In each of a set of games it is 2 to 1 in favour of the winner of the previous game. The chance that the player who wins the first game shall win three at least of the next four is

To solve the problem, we need to find the probability that the player who wins the first game will win at least three out of the next four games, given that the odds are 2 to 1 in favor of the winner of the previous game. ### Step-by-Step Solution: 1. **Understanding the Odds**: The odds of 2 to 1 in favor of the winner means that if the player wins, the probability of winning the next game is \( \frac{2}{3} \) and the probability of losing is \( \frac{1}{3} \). 2. **Winning All Four Games**: - The probability of winning all four games is calculated as: \[ P(\text{Win all 4}) = \left(\frac{2}{3}\right)^4 = \frac{16}{81} \] 3. **Winning Exactly Three Games**: To find the probability of winning exactly three games, we need to consider the different scenarios in which the player can win three games and lose one.
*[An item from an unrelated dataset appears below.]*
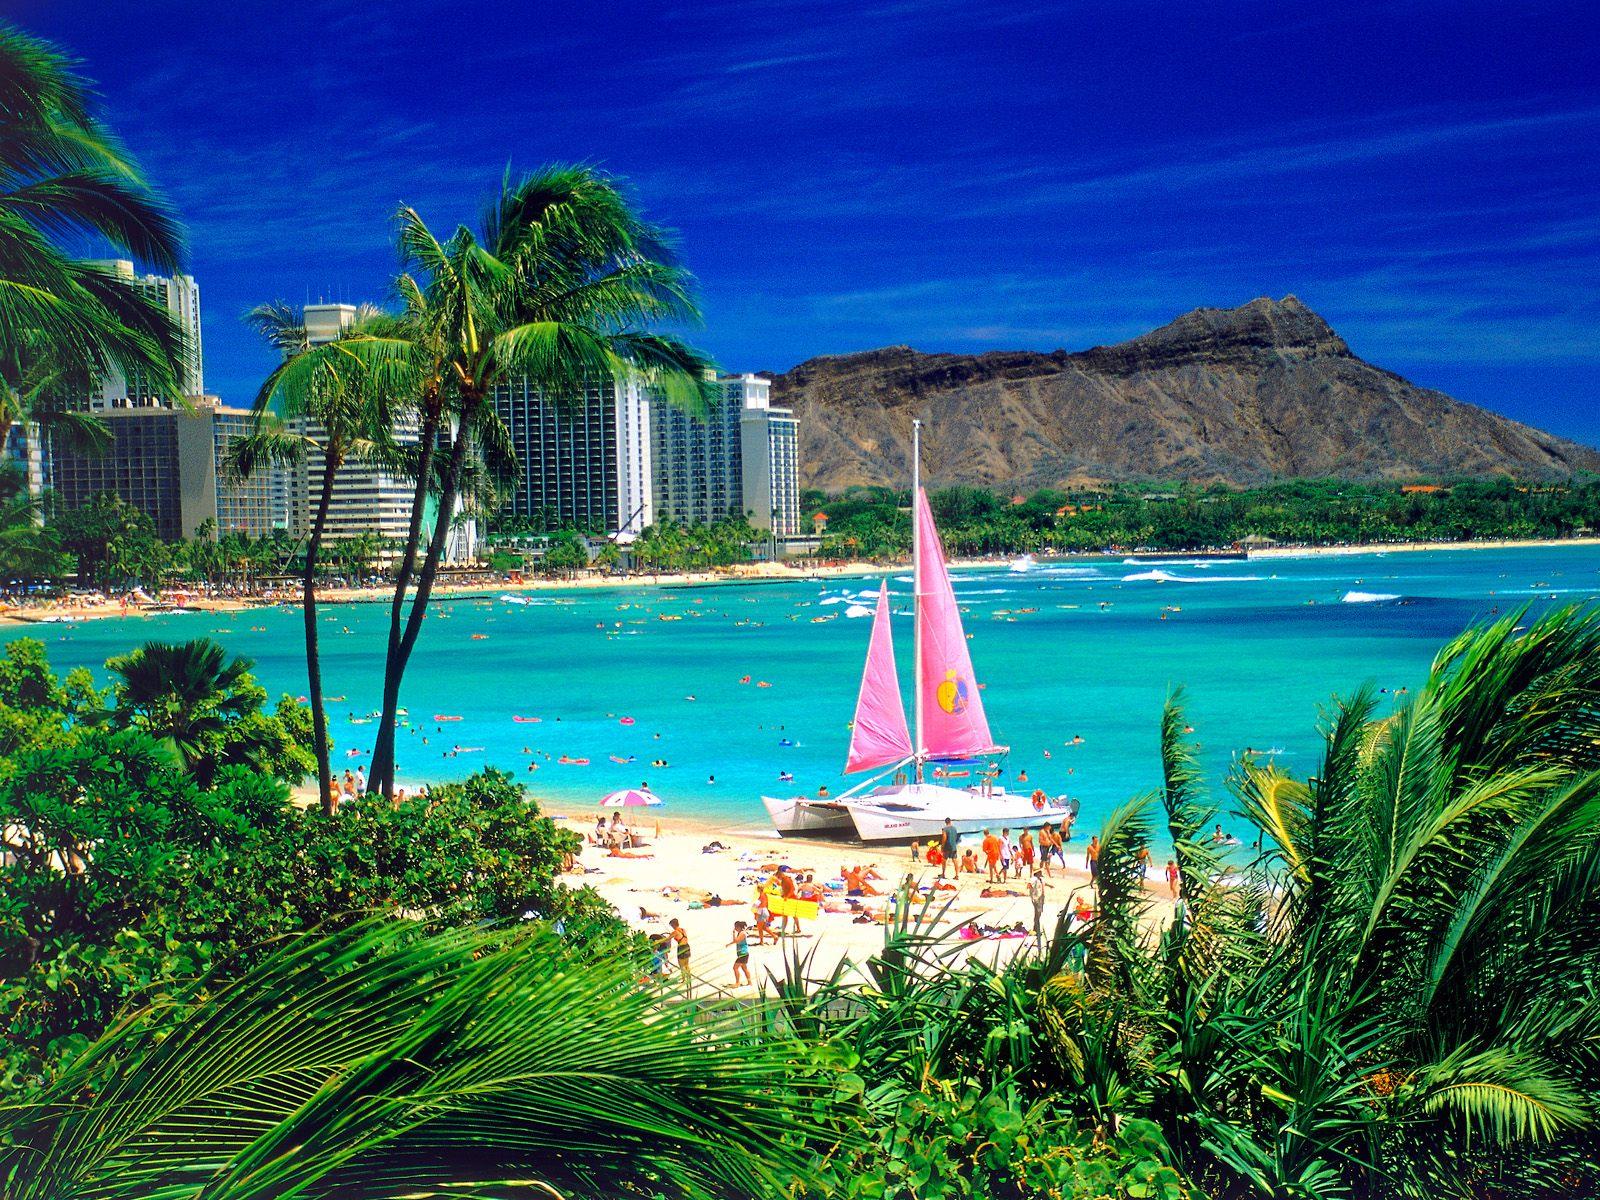 Waikiki Oahu Hawaii Wallpapers   HD Wallpapers

There are four different ways this can happen (the lost game can be in any of the four positions). - **Case 1**: Lose the first game (LWWW) - Probability: \[ P(LWWW) = \frac{1}{3} \cdot \left(\frac{2}{3}\right)^3 = \frac{1}{3} \cdot \frac{8}{27} = \frac{8}{81} \] - **Case 2**: Lose the second game (WLWW) - Probability: \[ P(WLWW) = \left(\frac{2}{3}\right) \cdot \frac{1}{3} \cdot \left(\frac{2}{3}\right)^2 = \frac{2}{3} \cdot \frac{1}{3} \cdot \frac{4}{9} = \frac{8}{81} \] - **Case 3**: Lose the third game (WWLW) - Probability: \[ P(WWLW) = \left(\frac{2}{3}\right)^2 \cdot \frac{1}{3} \cdot \left(\frac{2}{3}\right) = \frac{4}{9} \cdot \frac{1}{3} \cdot \frac{2}{3} = \frac{8}{81} \] - **Case 4**: Lose the fourth game (WWWL) - Probability: \[ P(WWWL) = \left(\frac{2}{3}\right)^3 \cdot \frac{1}{3} = \frac{8}{27} \cdot \frac{1}{3} = \frac{8}{81} \] 4. **Total Probability of Winning Exactly Three Games**: - Adding the probabilities from all four cases: \[ P(\text{Win exactly 3}) = \frac{8}{81} + \frac{8}{81} + \frac{8}{81} + \frac{8}{81} = \frac{32}{81} \] 5. **Total Probability of Winning at Least Three Games**: - Now, we add the probability of winning all four games to the probability of winning exactly three games: \[ P(\text{At least 3}) = P(\text{Win all 4}) + P(\text{Win exactly 3}) = \frac{16}{81} + \frac{32}{81} = \frac{48}{81} \] 6. **Simplifying the Probability**: - Simplifying \( \frac{48}{81} \): \[ \frac{48}{81} = \frac{16}{27} \] ### Final Answer: The probability that the player who wins the first game will win at least three out of the next four games is \( \frac{16}{27} \).